The end result of this is that for people who want high-octane adventure that's easy to get a casual fan of the movies, or a non-fan altogether, into, your best bet might be to go back to 1997 or earlier.

The second bit -- and the one that is somewhat more controversial -- is the idea that from the mid-'80s until about 2000, there was an expectation that a character's story should always be evolving. Even at Marvel, where they have a rolling timeline and so everyone is always five years removed from having debuted or whatever it is, you had Spider-Man getting married. At DC it was even more evident that time had passed and things had happened. Legacy heroes became the norm rather than the exception for a while, and you had long-term stories like Wally West stepping out of Barry Allen's shadow.

There are plenty of people who didn't like this kind of evolution; when Superman got married, there were detractors (heck, there were plenty of detractors just of the Man of Steel reboot itself) and there were organized groups dedicated to opposing replacement/legacy heroes like Kyle Rayner and Connor Hawke. And a lot of the ongoing stories weren't that good. Still, there's something attractive about the notion of ongoing, serialized stories being...well, ongoing. Especially when the universe pretends to be. The New 52 is, in many ways, less disruptive and more honest than something like Green Lantern: Rebirth, which tried to reset the clock back to 1990 without admitting that was its goal.

Marvel has become the worst offender in that regard; since Marvel NOW!, they've been soft-relaunching every 18 months or so, telling one  massive story across the whole publishing line, and then soft-relaunching again.  There's value to that kind of storytelling and obvious advantages to it...but I miss a point of view where the stories told before mattered, and retcons had to be somehow justified.

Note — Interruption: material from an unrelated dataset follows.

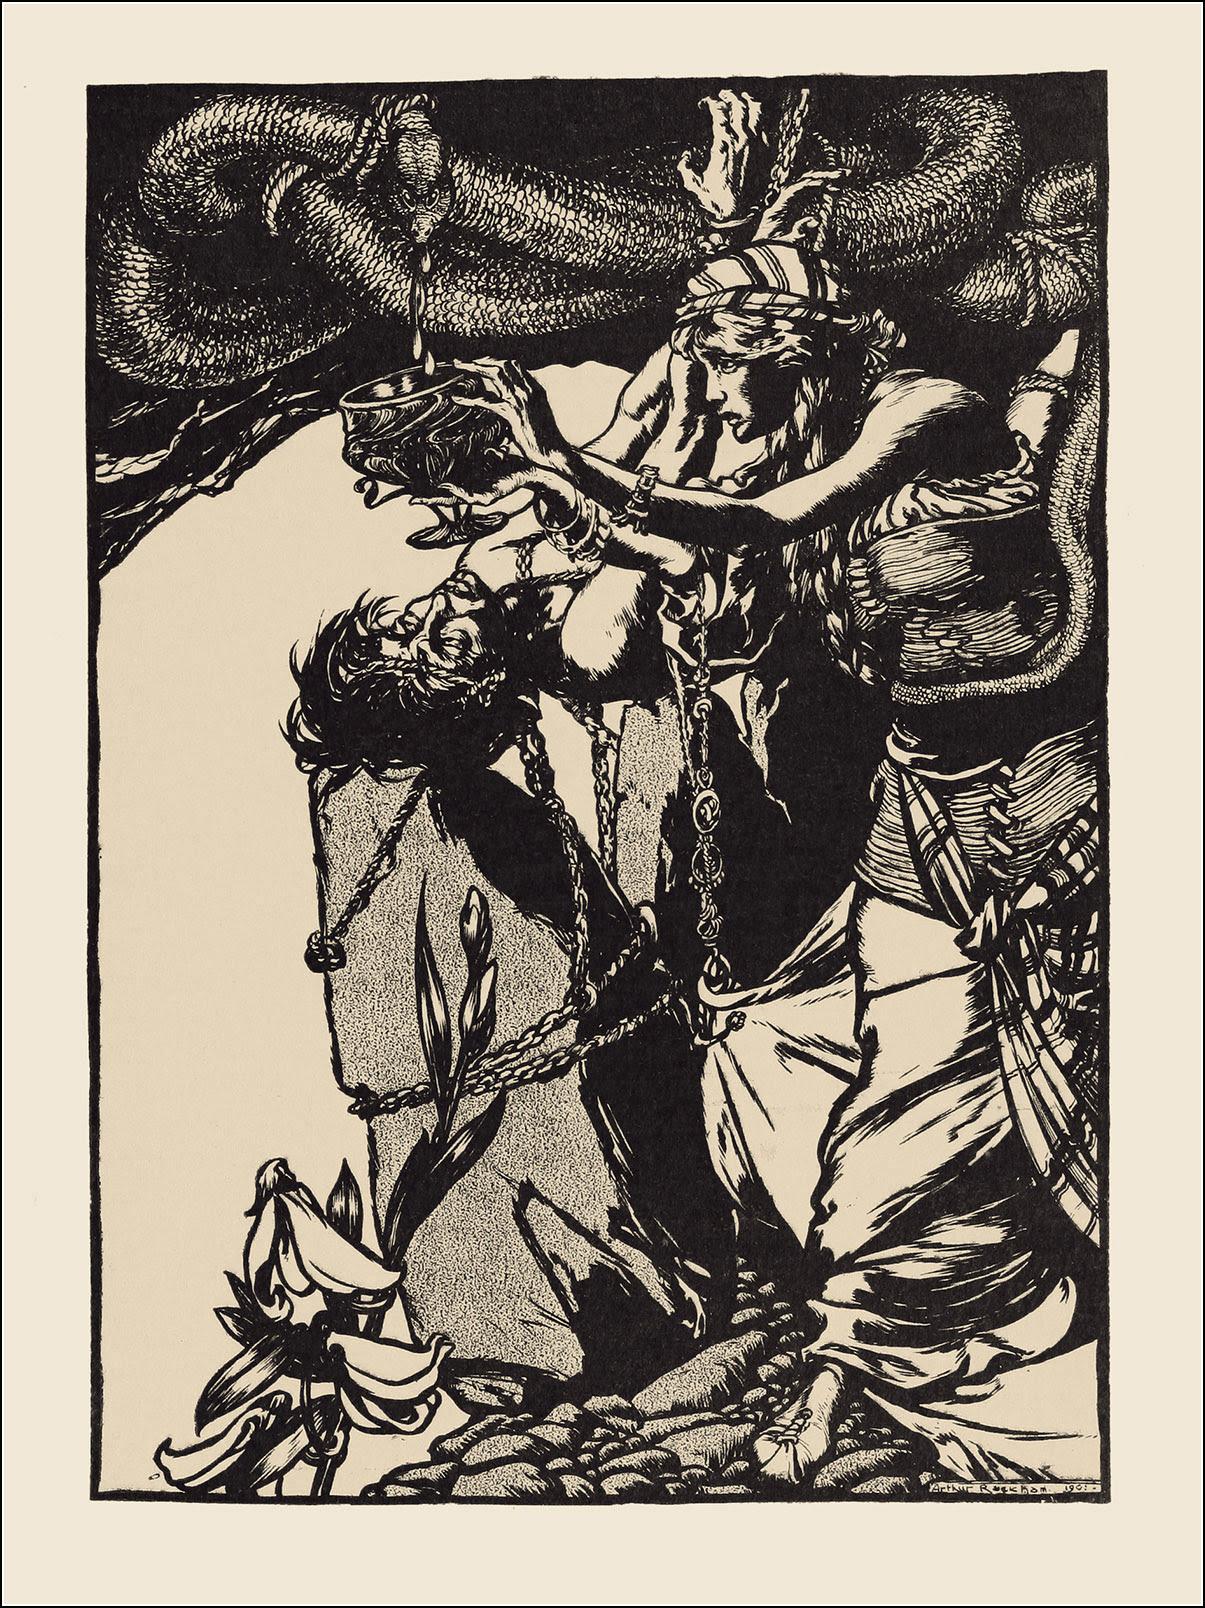 Arthur Rackham, The land of enchantment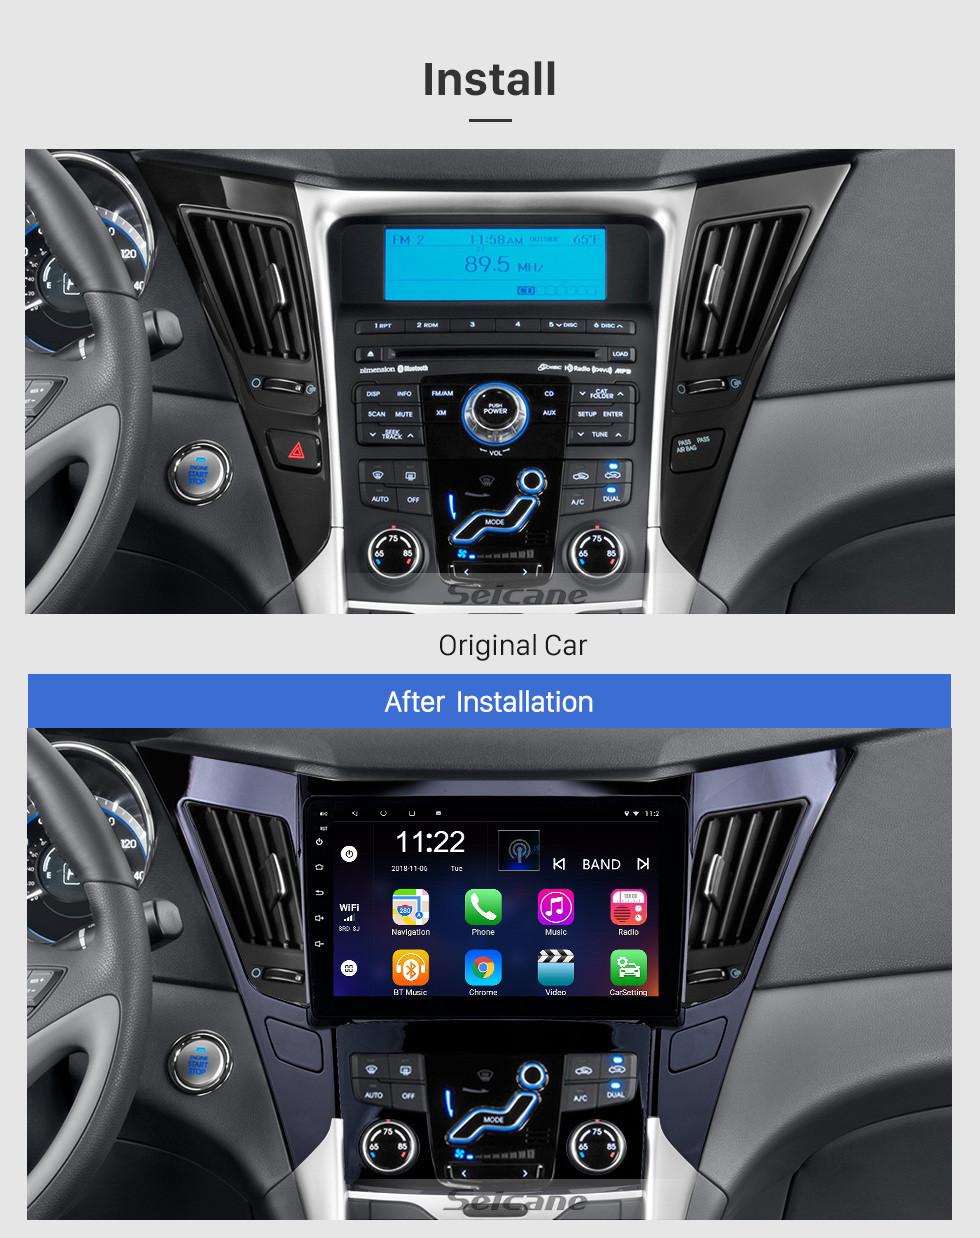 Seicane HD Touchscreen 2011-2015 Hyundai Sonata 8 Android 10.0 9 inch GPS Navigation Radio Bluetooth WIFI USB Carplay support DAB+ TPMS

Probably the beginning of the Green Lantern: Rebirth style of "Because we said so" retcon was Garth Ennis' The Punisher, where the title character famously dismisses the "undead avenger" era of the book with three sentences. That era was short, widely panned and didn't seem to fit with the character, while his dismissive, cutting dark humor does fit, so most people never really said anything.

In any event, I'm not saying that this is the better way to tell stories, but it's a legitimate way to tell them, one that many fans enjoyed, and one that's basically entirely gone in the era of everything being driven by vast, interconnected events that have to feed into the next movie.

Comics have always featured the dead returning to life, old status quos being re-established and a general sense of what Stan Lee called "the appearance of change." But for a short period of time, that was relegated to being the exception rather than the rule, and operating with new rules in the old, beloved universes was fun and inspired a ton of creativity.

Where the constant sense that something big was underway now tends to subvert the stories being told and stunt character growth by taking page count away from the main story and giving it over to "the universe," 20 years ago we had a culture where the writers were expected to juggle both.